Question

If $\omega $ is a cube root of unity, then the value of ${{\left( 1+\omega +{{\omega }^{2}} \right)}^{5}}+{{\left( 1+\omega -{{\omega }^{2}} \right)}^{5}}$ is
[a] $16\omega $
[b] $32\omega $
[c] $48\omega $
[d] $-32\omega $

Answer 1

Hint: Use the fact that $\omega $ is a complex cube root of unity if and only if $\omega $ satisfies the quadratic equation $1+x+{{x}^{2}}=0$. Also since $\omega $ is a cube root of unity, we have ${{\omega }^{3}}=1$. Simplify and solve the expression using these two properties.
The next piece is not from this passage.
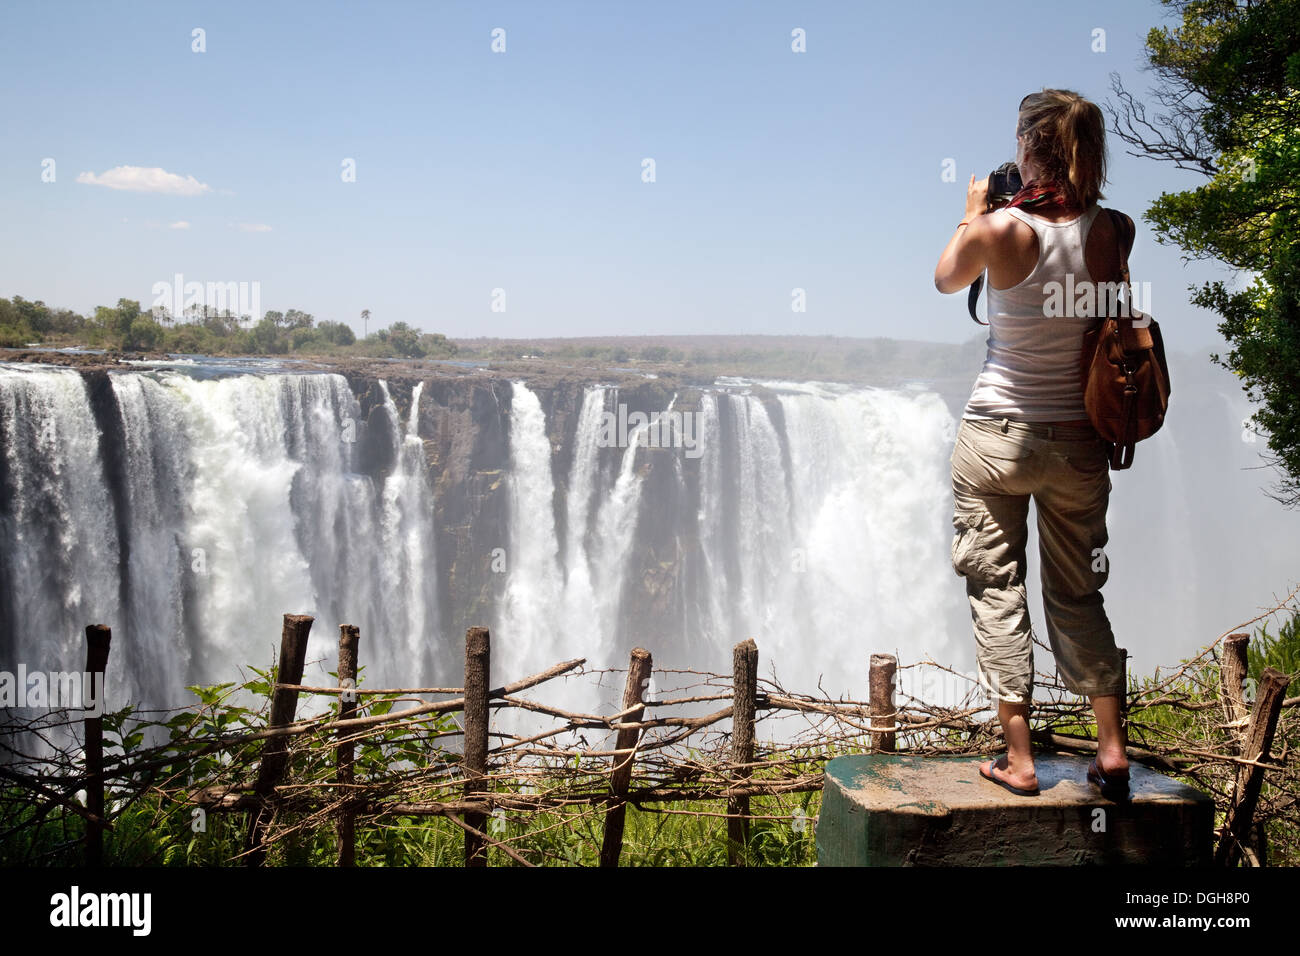 Voyage en solo; Jeune touriste femme prenant une photo des chutes Victoria, cataracte principale, du parc national de Victoria Falls, Zimbabwe, Afrique Banque D'Images

Complete step-by-step solution -

We have $\omega $ is a cube root of unity, then $\omega $ is a root of the cubic ${{x}^{3}}=1$
Hence we have ${{x}^{3}}-1=0$
Using ${{a}^{3}}-{{b}^{3}}=\left( a-b \right)\left( {{a}^{2}}+ab+{{b}^{2}} \right)$, hence we have
${{x}^{3}}-1=\left( x-1 \right)\left( {{x}^{2}}+x+1 \right)$
Since $\omega $ is not purely real, we have $\omega \ne 1$
Hence $\omega $ satisfies ${{x}^{2}}+x+1=0$
Hence we have $1+\omega +{{\omega }^{2}}=0$.
Hence $1+\omega =-{{\omega }^{2}}$
Hence we have ${{\left( 1+\omega -{{\omega }^{2}} \right)}^{5}}={{\left( -2{{\omega }^{2}} \right)}^{5}}=-32{{\omega }^{10}}=-32{{\left( {{\omega }^{3}} \right)}^{3}}\omega =-32\omega $
Hence we have ${{\left( 1+\omega +{{\omega }^{2}} \right)}^{5}}+{{\left( 1+\omega -{{\omega }^{2}} \right)}^{5}}=0-32\omega =-32\omega $
Hence option [d] is correct.

Note: If $\alpha $ is an nth root of unity, then we have $1+\alpha +{{\alpha }^{2}}+\cdots +{{\alpha }^{n-1}}=0$, if $\alpha $ is not purely real.
Proof: Since $\alpha $ is an nth root of unity, we have ${{\alpha }^{n}}=1$.
Now since $\alpha $ is not purely real $\alpha -1\ne 0$.
Observe that $1,\alpha .{{\alpha }^{2}},\cdots ,{{\alpha }^{n-1}}$ for a geometric progression with a = 1 and $r=\alpha $.
We know that in a geometric progression ${{S}_{n}}=\dfrac{a\left( {{r}^{n}}-1 \right)}{r-1}$
Using the above result, we have
${{S}_{n}}=\dfrac{1\left( {{\alpha }^{n}}-1 \right)}{\alpha -1}$
Since ${{\alpha }^{n}}=1$, we have
${{S}_{n}}=\dfrac{\left( 1-1 \right)}{\alpha -1}=0$
Hence, we have $1+\alpha +{{\alpha }^{2}}+\cdots +{{\alpha }^{n-1}}=0$
Hence proved.
[2] Put n = 3 in the above formula and $\alpha =\omega $, we get
$1+\omega +{{\omega }^{2}}=0$, which is the same as obtained above.